The utilization of red alder has increased dramatically, and the projected start of a new alder mill in 2006 suggested analyzing potential value-added products such as cabinetry, furniture and door manufacturing. We conducted interviews with the new mill manager and regional end-users of alder and determined constraints associated with attracting a value-added facility to the region. The constraints identified during these interviews included the inability to diversify products should a new manufacturing plant focus exclusively on alder. Various wood species are used in cabinetry, door and furniture manufacture. Currently alder is well received, but demand is highly responsive to changes in consumer preferences. Diversification of various species is perceived to be an important aspect of a successful end-user. The success of a value-added manufacturer will depend on its ability to utilize various sources of lumber and other materials.
Our study findings included the following. The two county region is a net exporter of wood fiber. The recent announcement of plans for a new sawmill in the Everett area suggests that wood fiber from the area will continue to have demand outside of the region. Less than half of the volume harvested is utilized locally by saw mills, even with the projected new mill in Port Angeles. Biomass-based energy has the potential supply, but costs for woody biomass as an energy alternative are too high and energy prices are too low for it to be competitive. Other fiber using industries, such as OSB, would require more fiber than is available. Finally, an alder value-added manufacturing plant would require diversification for it to be successful.
We recommend that future work analyze the potential for expanding the existing softwood lumber sawmill capacity in the region. The volume of sawmill logs that are exported from the area is estimated at less than 100,000 mbf and is insufficient for a modern large mill, which can be twice as big. Expanding the sawmilling capacity of the existing mills may provide benefits for the local region and enhance their competitiveness with mills outside of the region that currently successfully bid for local timber.
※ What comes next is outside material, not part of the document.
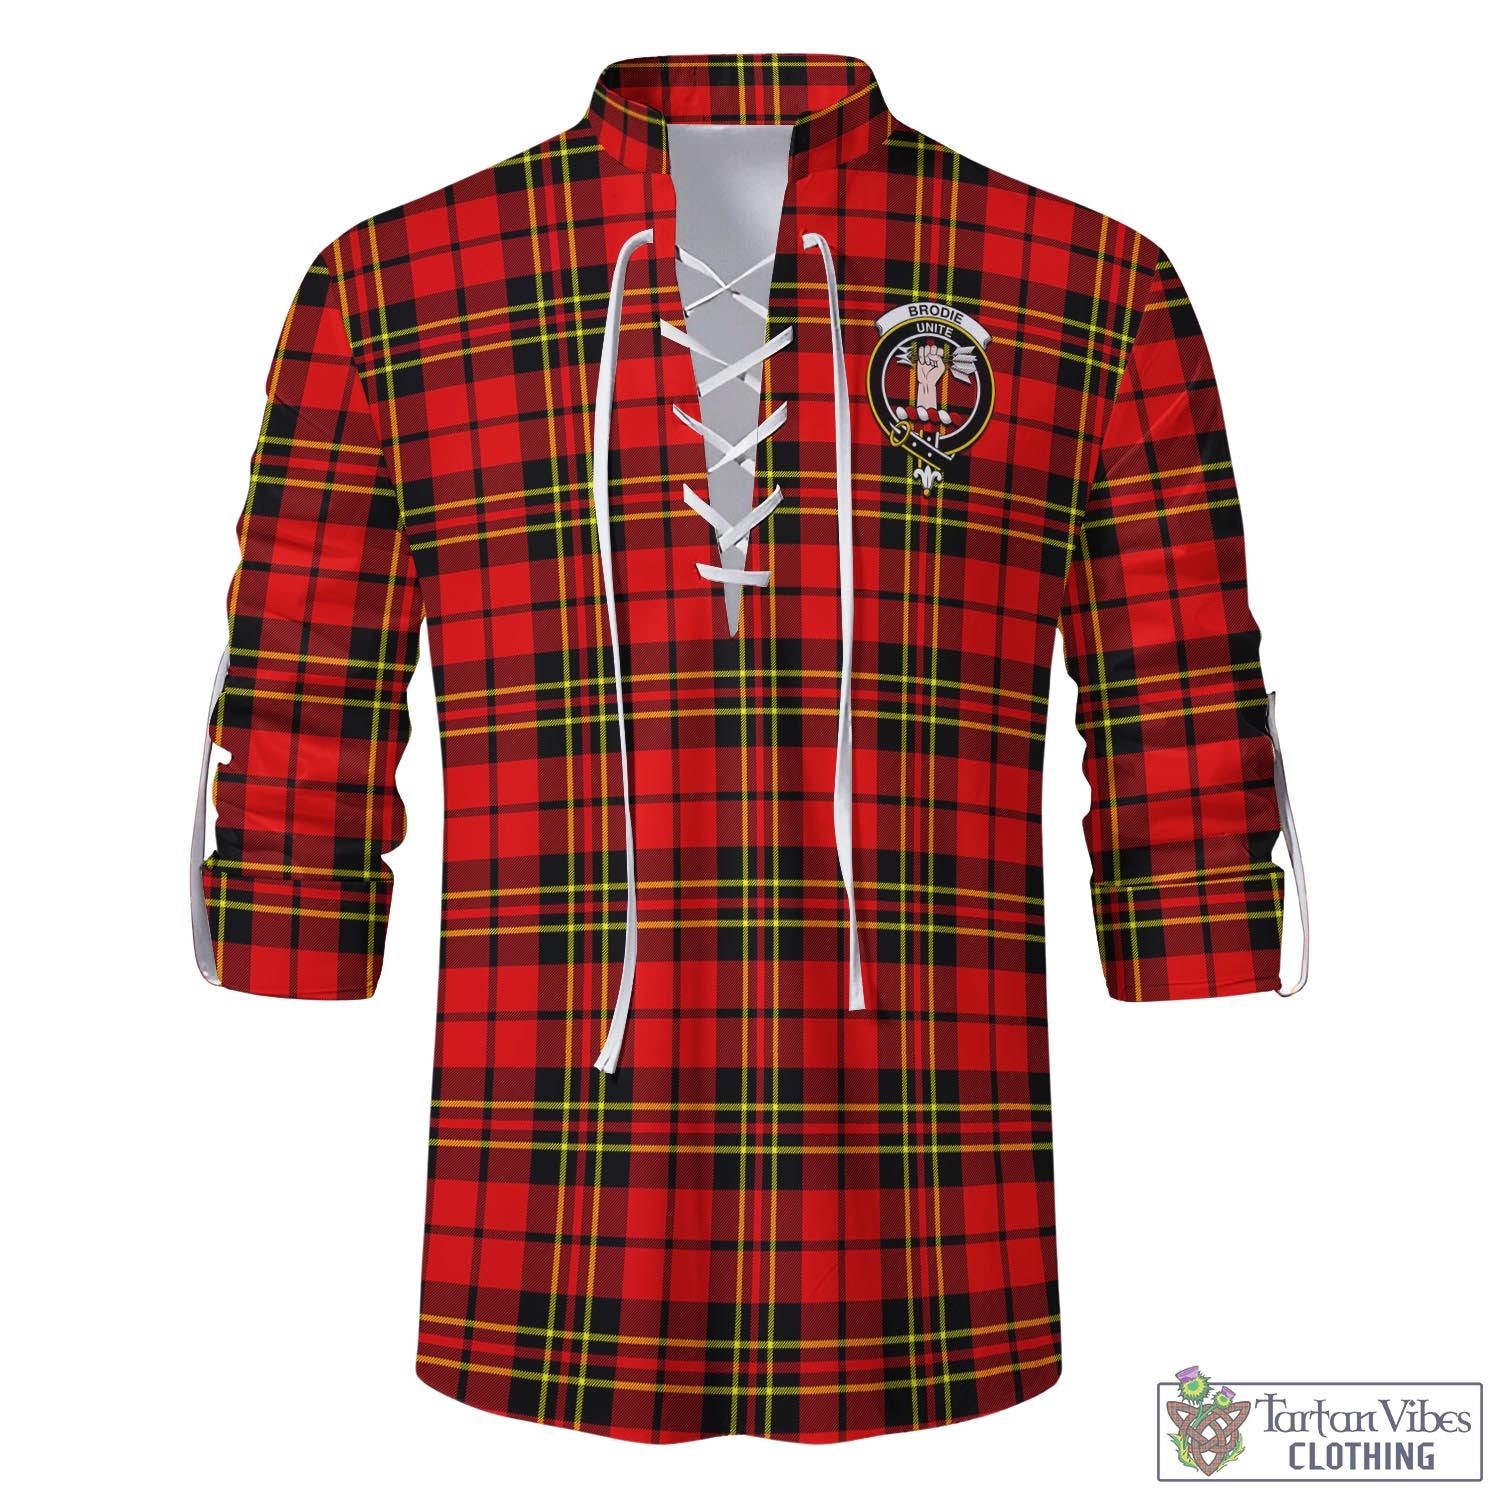 Tartan Vibes Clothing Brodie Modern Tartan Men's Scottish Traditional Jacobite Ghillie Kilt Shirt with Family Crest
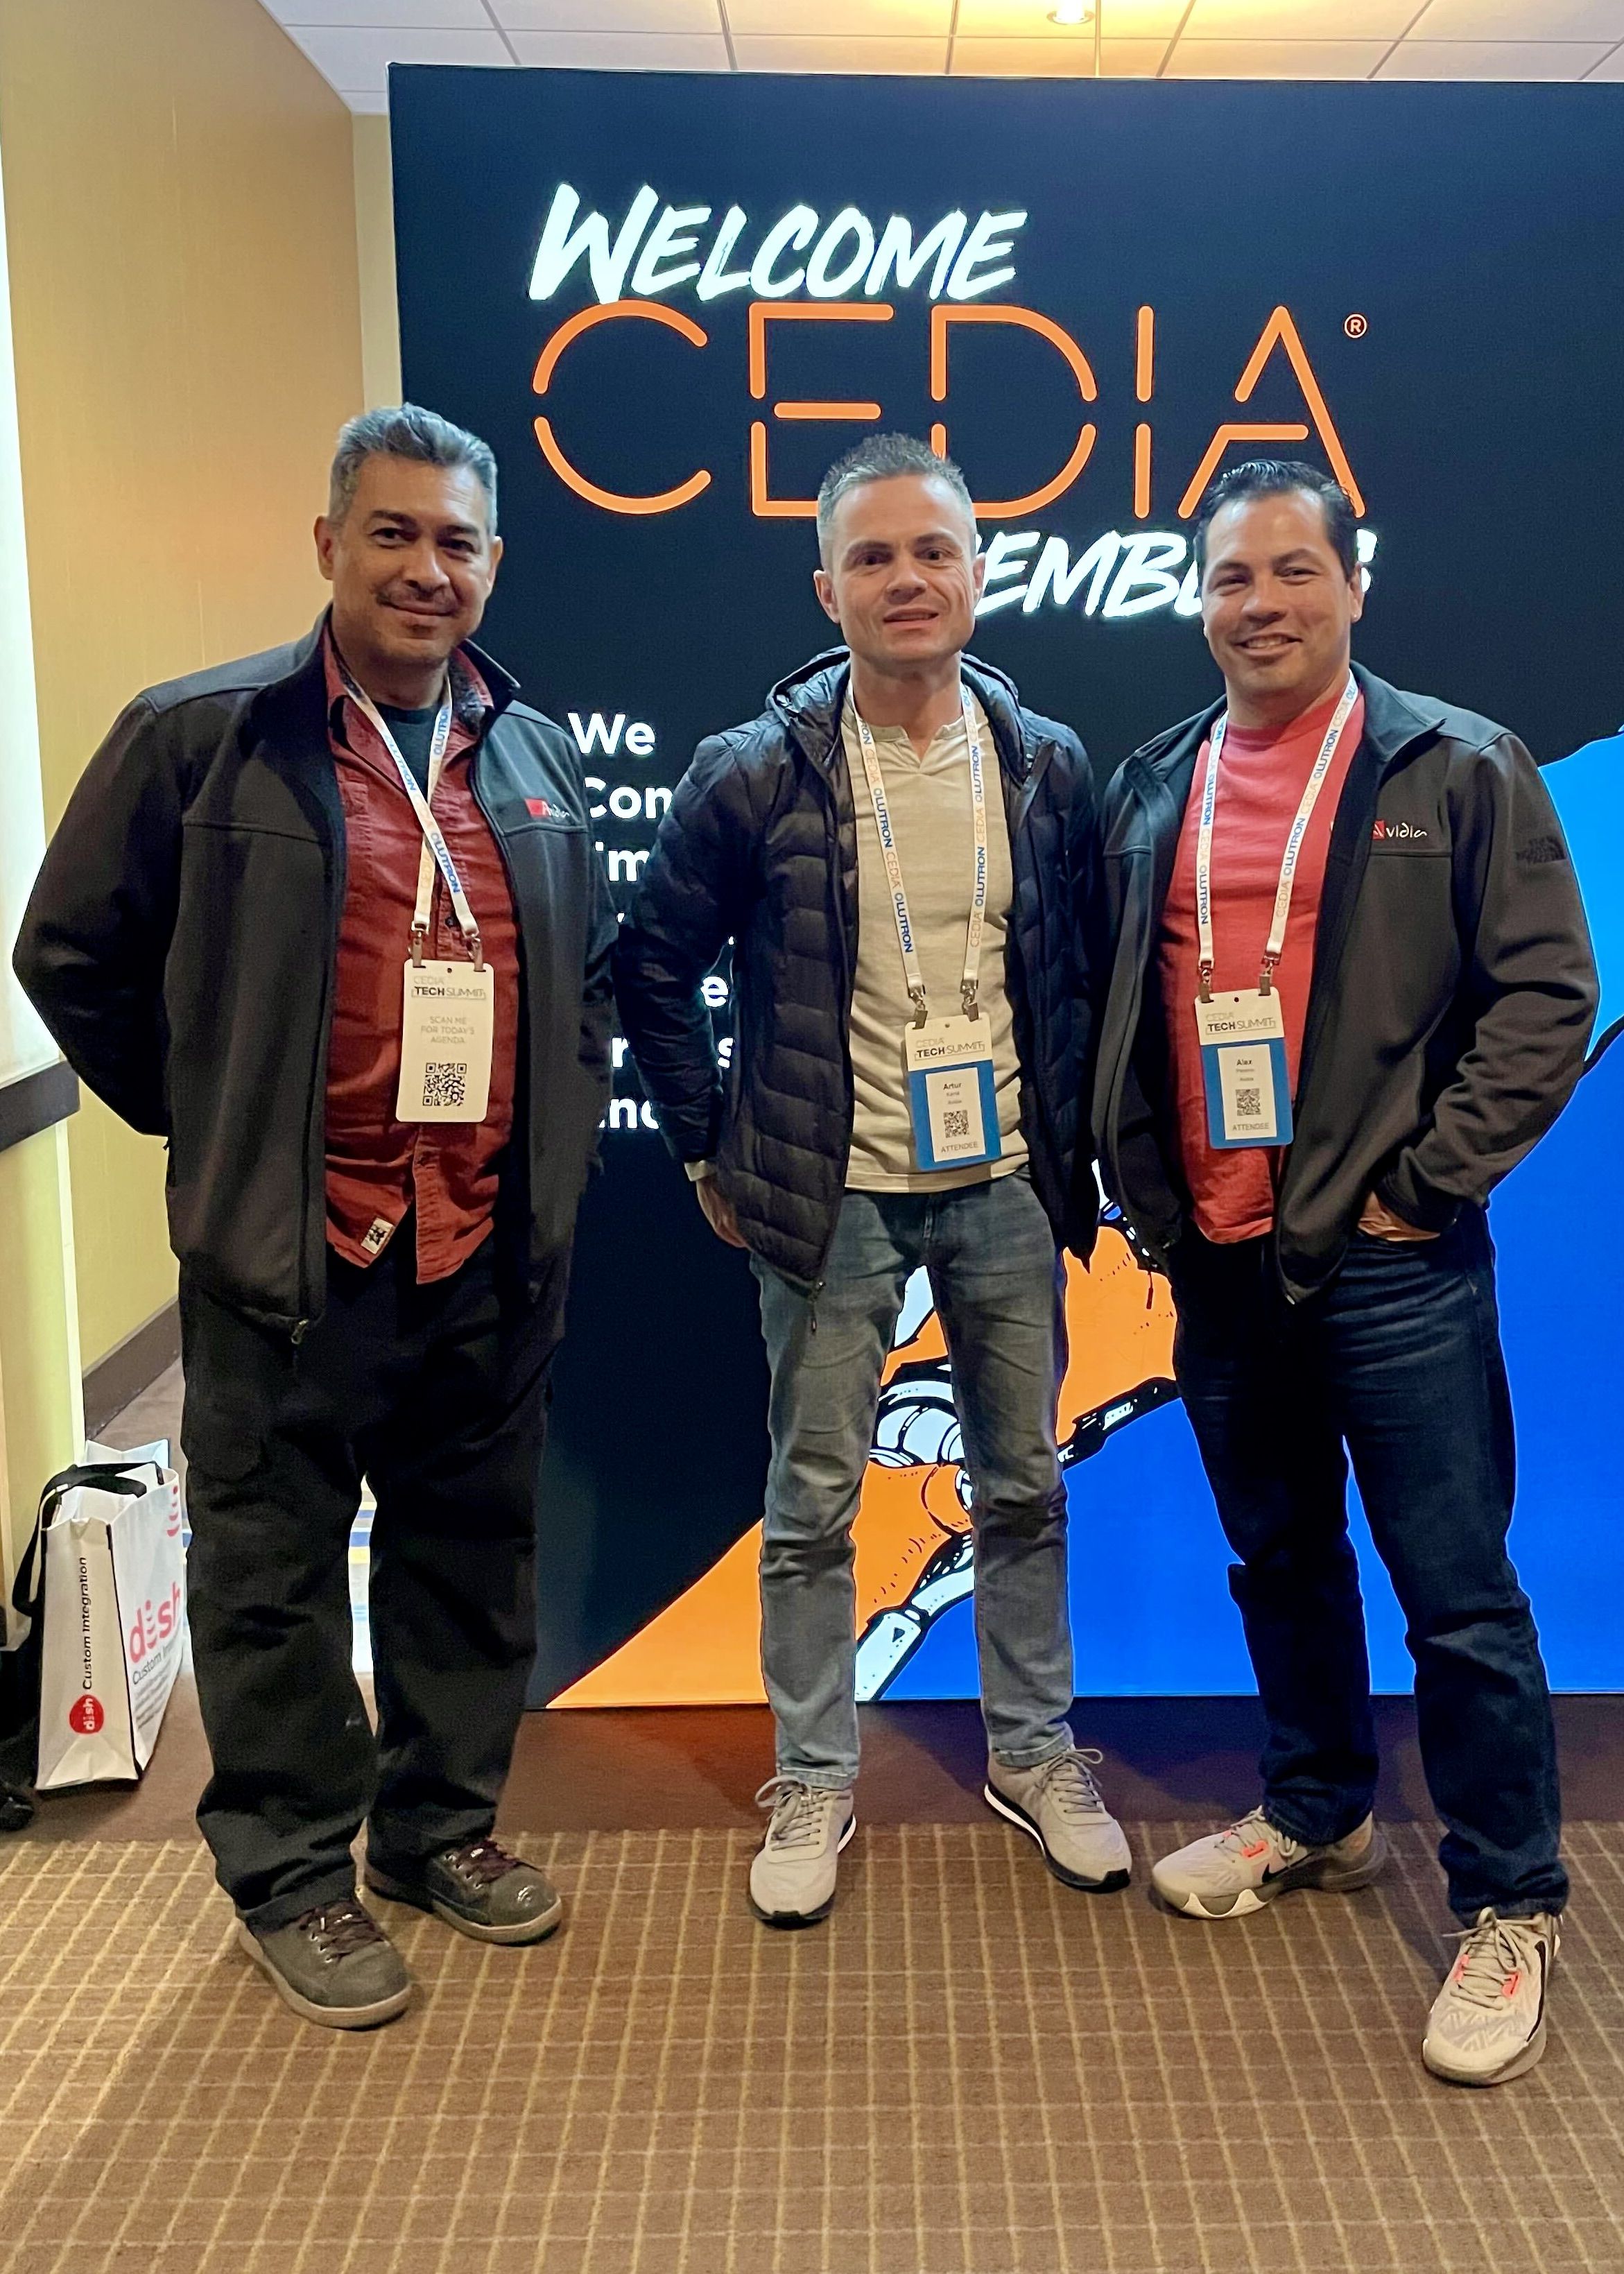 Avidia team members attend CEDIA event

The announced plans for a new mill in the Everett area suggests an evaluation of timber values for the region and its competitiveness. An analysis currently underway to examine these values should be consulted when completed. While woody biomass is currently too costly, options should be explored for promoting “green energy” options. Finally, since the region is an excess supplier of timber, it should promote its position in order to attract potentially new manufacturing that can consume underutilized resources and compliment the existing milling infrastructure in the area.